## Exercise description
For each line below that contains the word "Teppich", make a copy.

Dataset excerpts:
*** Begin section ***

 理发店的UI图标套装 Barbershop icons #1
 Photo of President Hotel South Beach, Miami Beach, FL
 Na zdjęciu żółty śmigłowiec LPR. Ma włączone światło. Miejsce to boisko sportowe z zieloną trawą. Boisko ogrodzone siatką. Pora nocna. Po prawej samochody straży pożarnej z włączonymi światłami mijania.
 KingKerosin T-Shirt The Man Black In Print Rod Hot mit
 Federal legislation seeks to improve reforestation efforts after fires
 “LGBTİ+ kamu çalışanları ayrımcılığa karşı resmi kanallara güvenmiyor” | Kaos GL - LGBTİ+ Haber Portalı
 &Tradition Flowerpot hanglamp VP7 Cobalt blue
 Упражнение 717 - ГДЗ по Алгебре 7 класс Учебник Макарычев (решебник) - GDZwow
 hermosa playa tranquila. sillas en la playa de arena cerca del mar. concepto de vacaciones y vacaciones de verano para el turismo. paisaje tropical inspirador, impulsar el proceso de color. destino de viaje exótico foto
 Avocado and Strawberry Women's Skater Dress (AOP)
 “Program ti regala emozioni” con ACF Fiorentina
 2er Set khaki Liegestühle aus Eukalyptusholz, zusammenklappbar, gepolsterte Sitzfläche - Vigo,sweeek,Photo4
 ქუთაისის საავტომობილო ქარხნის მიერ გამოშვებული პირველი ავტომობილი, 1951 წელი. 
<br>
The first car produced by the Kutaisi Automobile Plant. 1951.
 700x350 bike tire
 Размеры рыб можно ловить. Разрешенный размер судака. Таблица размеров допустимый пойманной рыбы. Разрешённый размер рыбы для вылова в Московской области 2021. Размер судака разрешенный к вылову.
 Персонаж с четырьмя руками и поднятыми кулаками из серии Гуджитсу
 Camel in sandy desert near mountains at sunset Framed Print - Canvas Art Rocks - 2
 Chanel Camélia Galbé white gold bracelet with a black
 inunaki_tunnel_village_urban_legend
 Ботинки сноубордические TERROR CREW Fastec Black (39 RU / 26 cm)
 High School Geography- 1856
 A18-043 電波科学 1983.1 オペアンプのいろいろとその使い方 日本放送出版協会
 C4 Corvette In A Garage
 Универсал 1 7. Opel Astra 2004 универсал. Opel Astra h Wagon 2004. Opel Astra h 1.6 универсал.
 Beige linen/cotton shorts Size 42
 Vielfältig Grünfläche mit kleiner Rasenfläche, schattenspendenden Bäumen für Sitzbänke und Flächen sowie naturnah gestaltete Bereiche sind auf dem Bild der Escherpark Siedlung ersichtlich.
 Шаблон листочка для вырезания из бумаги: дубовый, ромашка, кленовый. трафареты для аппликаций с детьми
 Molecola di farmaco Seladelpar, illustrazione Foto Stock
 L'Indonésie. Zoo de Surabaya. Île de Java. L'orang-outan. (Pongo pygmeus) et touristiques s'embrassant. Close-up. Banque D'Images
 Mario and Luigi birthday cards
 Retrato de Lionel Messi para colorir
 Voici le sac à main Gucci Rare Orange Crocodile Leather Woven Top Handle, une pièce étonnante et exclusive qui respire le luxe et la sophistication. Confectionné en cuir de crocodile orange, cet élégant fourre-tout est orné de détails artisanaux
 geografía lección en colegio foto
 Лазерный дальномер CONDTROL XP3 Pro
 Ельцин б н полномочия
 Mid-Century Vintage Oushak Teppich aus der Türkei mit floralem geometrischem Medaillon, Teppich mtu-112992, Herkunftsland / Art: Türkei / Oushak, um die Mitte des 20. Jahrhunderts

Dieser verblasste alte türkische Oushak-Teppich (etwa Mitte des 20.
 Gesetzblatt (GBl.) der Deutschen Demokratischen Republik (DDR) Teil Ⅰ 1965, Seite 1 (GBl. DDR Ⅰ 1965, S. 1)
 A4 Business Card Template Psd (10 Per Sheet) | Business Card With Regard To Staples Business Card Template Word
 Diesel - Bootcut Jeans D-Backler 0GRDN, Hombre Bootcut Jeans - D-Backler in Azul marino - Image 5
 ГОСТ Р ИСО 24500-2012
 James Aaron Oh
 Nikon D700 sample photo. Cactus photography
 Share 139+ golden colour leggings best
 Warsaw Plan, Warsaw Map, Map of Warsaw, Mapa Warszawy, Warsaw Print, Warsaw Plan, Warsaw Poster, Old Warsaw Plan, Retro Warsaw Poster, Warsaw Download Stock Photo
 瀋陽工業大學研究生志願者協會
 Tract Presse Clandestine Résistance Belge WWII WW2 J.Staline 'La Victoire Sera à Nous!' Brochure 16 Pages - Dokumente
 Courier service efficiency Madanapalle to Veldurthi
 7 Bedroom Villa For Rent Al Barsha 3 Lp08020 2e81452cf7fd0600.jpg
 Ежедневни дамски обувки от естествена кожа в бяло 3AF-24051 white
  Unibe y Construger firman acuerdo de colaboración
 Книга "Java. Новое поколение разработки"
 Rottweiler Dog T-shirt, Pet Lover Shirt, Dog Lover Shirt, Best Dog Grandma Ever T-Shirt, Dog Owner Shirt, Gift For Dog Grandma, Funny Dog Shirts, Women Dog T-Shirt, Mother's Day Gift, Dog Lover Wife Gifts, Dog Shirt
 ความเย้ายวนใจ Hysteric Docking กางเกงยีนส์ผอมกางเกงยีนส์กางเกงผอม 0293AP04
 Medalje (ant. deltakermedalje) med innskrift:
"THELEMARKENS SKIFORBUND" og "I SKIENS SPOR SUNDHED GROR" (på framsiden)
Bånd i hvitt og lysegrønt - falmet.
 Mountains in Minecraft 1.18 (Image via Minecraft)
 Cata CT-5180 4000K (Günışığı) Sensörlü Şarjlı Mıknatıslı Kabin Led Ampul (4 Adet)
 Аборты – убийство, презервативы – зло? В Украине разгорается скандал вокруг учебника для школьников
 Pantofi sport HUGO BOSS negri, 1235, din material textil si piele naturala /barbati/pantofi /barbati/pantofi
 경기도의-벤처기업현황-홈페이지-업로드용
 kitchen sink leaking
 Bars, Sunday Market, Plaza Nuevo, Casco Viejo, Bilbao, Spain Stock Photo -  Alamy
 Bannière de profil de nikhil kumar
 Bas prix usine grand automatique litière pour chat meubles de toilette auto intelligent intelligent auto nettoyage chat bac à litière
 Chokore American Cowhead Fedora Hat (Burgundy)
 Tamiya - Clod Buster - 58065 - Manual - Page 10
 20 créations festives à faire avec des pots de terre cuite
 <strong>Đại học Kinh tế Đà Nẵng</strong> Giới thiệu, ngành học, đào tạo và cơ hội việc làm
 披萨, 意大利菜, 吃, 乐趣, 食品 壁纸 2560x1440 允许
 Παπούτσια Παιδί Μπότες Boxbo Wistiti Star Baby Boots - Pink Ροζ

*** End section ***

## Problem solution
 Mid-Century Vintage Oushak Teppich aus der Türkei mit floralem geometrischem Medaillon, Teppich mtu-112992, Herkunftsland / Art: Türkei / Oushak, um die Mitte des 20. Jahrhunderts
Dieser verblasste alte türkische Oushak-Teppich (etwa Mitte des 20.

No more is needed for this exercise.